Rare Event Analysis of Large Language Models

Conference: ICML2026
arXiv: 2602.06791
Code: Yes (minimal implementation provided in paper appendix)
Area: LLM Analysis / Rare Event Sampling / Statistical Physics Methods
Keywords: Rare event analysis, importance sampling, MBAR, Transition Path Sampling, LLM safety

TL;DR

This paper transfers mature Rare Event Analysis (REA) methods from statistical physics to LLMs. Using a toolkit of "exponential tilting + Transition Path Sampling + MBAR," the authors estimate rare completion probabilities on TinyStories that are several orders of magnitude smaller than those achievable by direct sampling, using affordable compute. Through EDA, they identify cheap runtime proxies (consecutive token repeats) to pre-screen high-ARI anomalous outputs.

Background & Motivation

Background: LLMs are probabilistic models. As deployment scale increases, "events nearly unseen during training or testing" occur with non-negligible frequency online, such as harmful outputs suppressed to the distribution tails after alignment. Quantitative analysis of such "tail behaviors" is in its infancy: prior work either focuses on single-token probabilities (Wu & Hilton 2025) or extrapolates from a few test prompts to the deployment distribution (Jones et al. 2025).

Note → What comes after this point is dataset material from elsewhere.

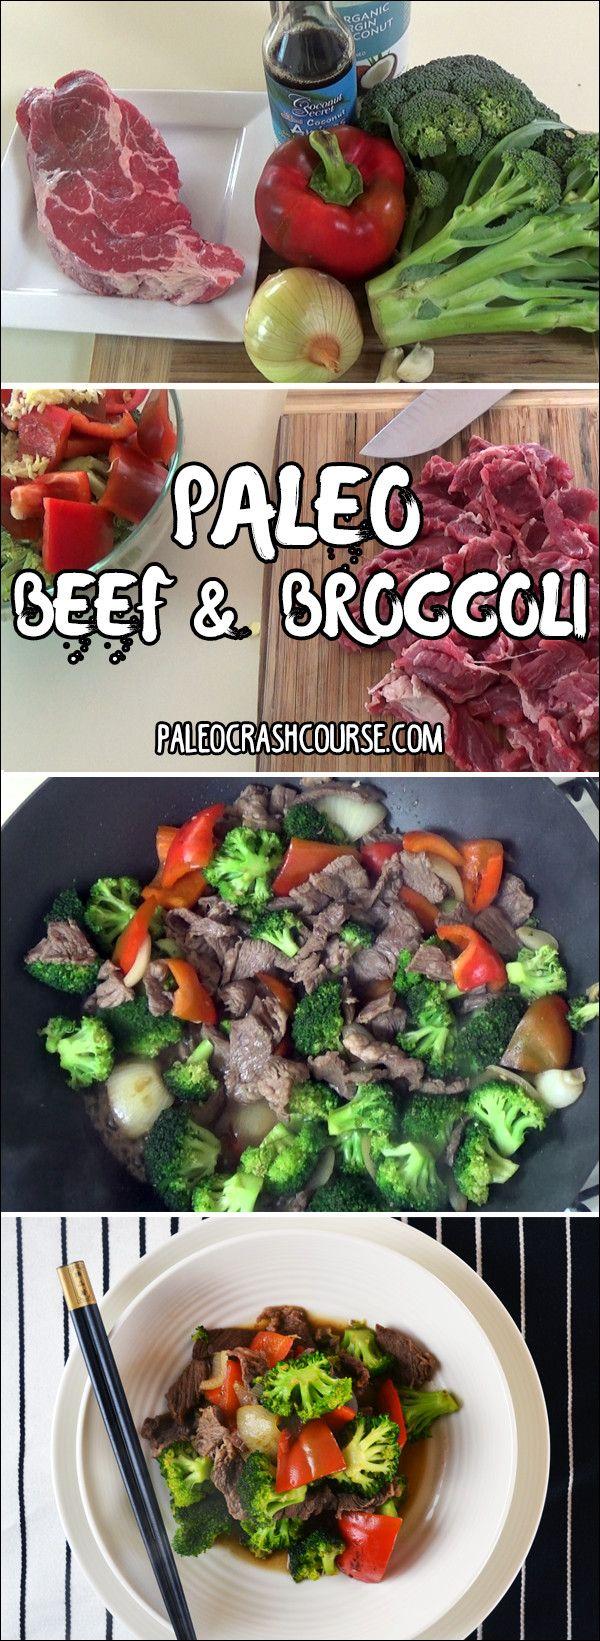 A yummy paleo friendly beef and broccoli stir fry!   http://paleocrashcourse.com/paleo-beef-and-broccoli/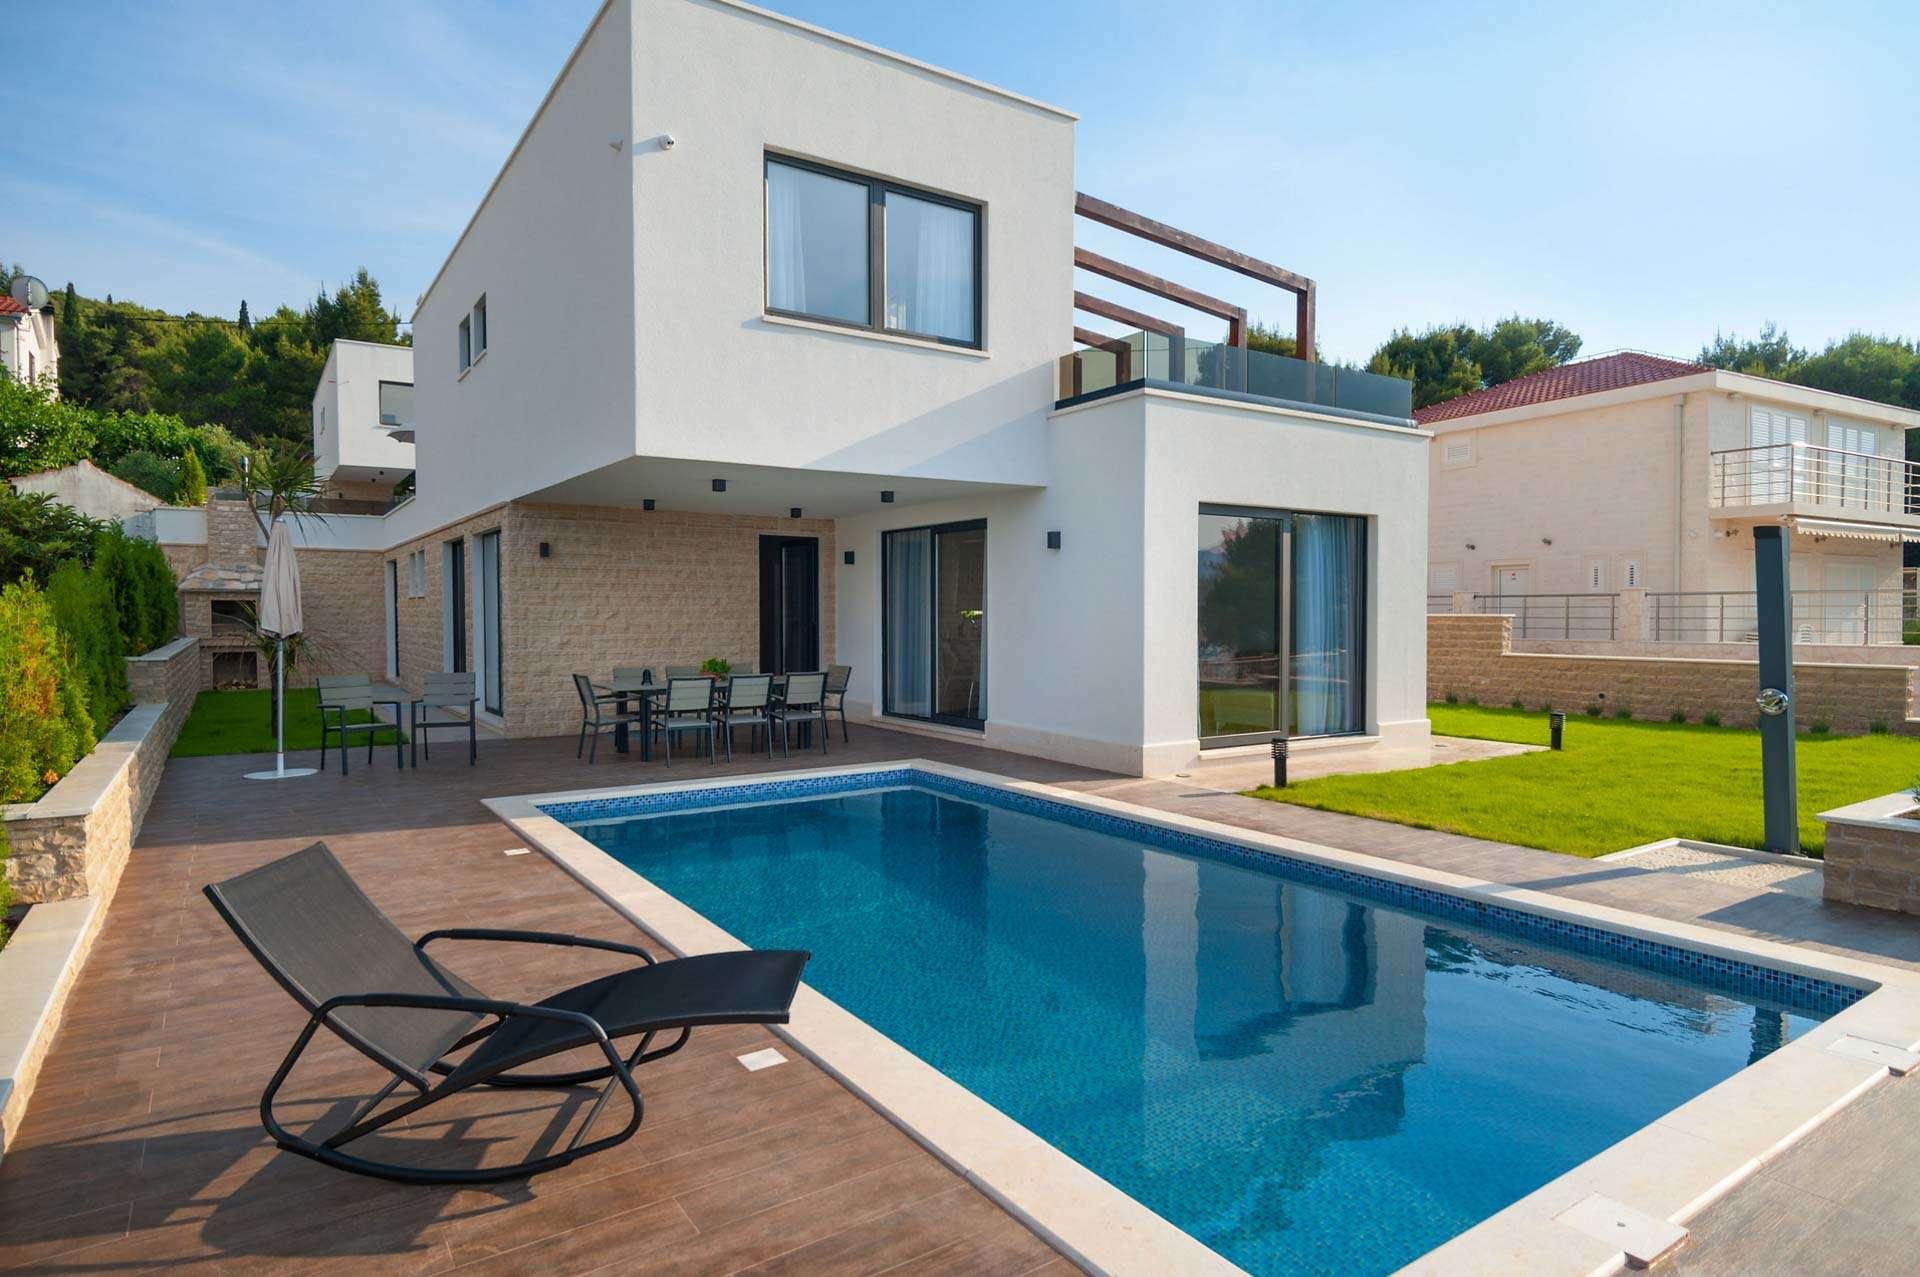 Luxury vacation rentals europe - Croatia - Dalmatia - Trogir - Trogir Twins 1 - Image 1/47

Limitations of Prior Work: The default "direct sampling" method (i.e., temperature=1 autoregressive sampling) is extremely inefficient at the tails—observing a \(10^{-9}\) event requires generating approximately \(10^9\) completions on average. While feasible for small models, the cost for production-grade LLMs is staggering. Furthermore, many histogram bins remain at zero, precluding even basic point estimation.

Key Challenge: Rare events are "unsamplable" by definition, yet they are the most critical components for safety, compliance, and OOD behavior analysis. Systematically characterizing the tails of LLM output distributions without exhaustive compute requires specialized rare event sampling methods.

Goal: To build a deployable end-to-end framework for Rare Event Analysis (REA) in LLMs, divided into three stages: (1) Setup: Formalizing the LLM as a stochastic process and rare events as extreme values of observables; (2) Estimation: Estimating rare event probabilities; (3) Exploration: Analyzing the structure and properties of rare completions.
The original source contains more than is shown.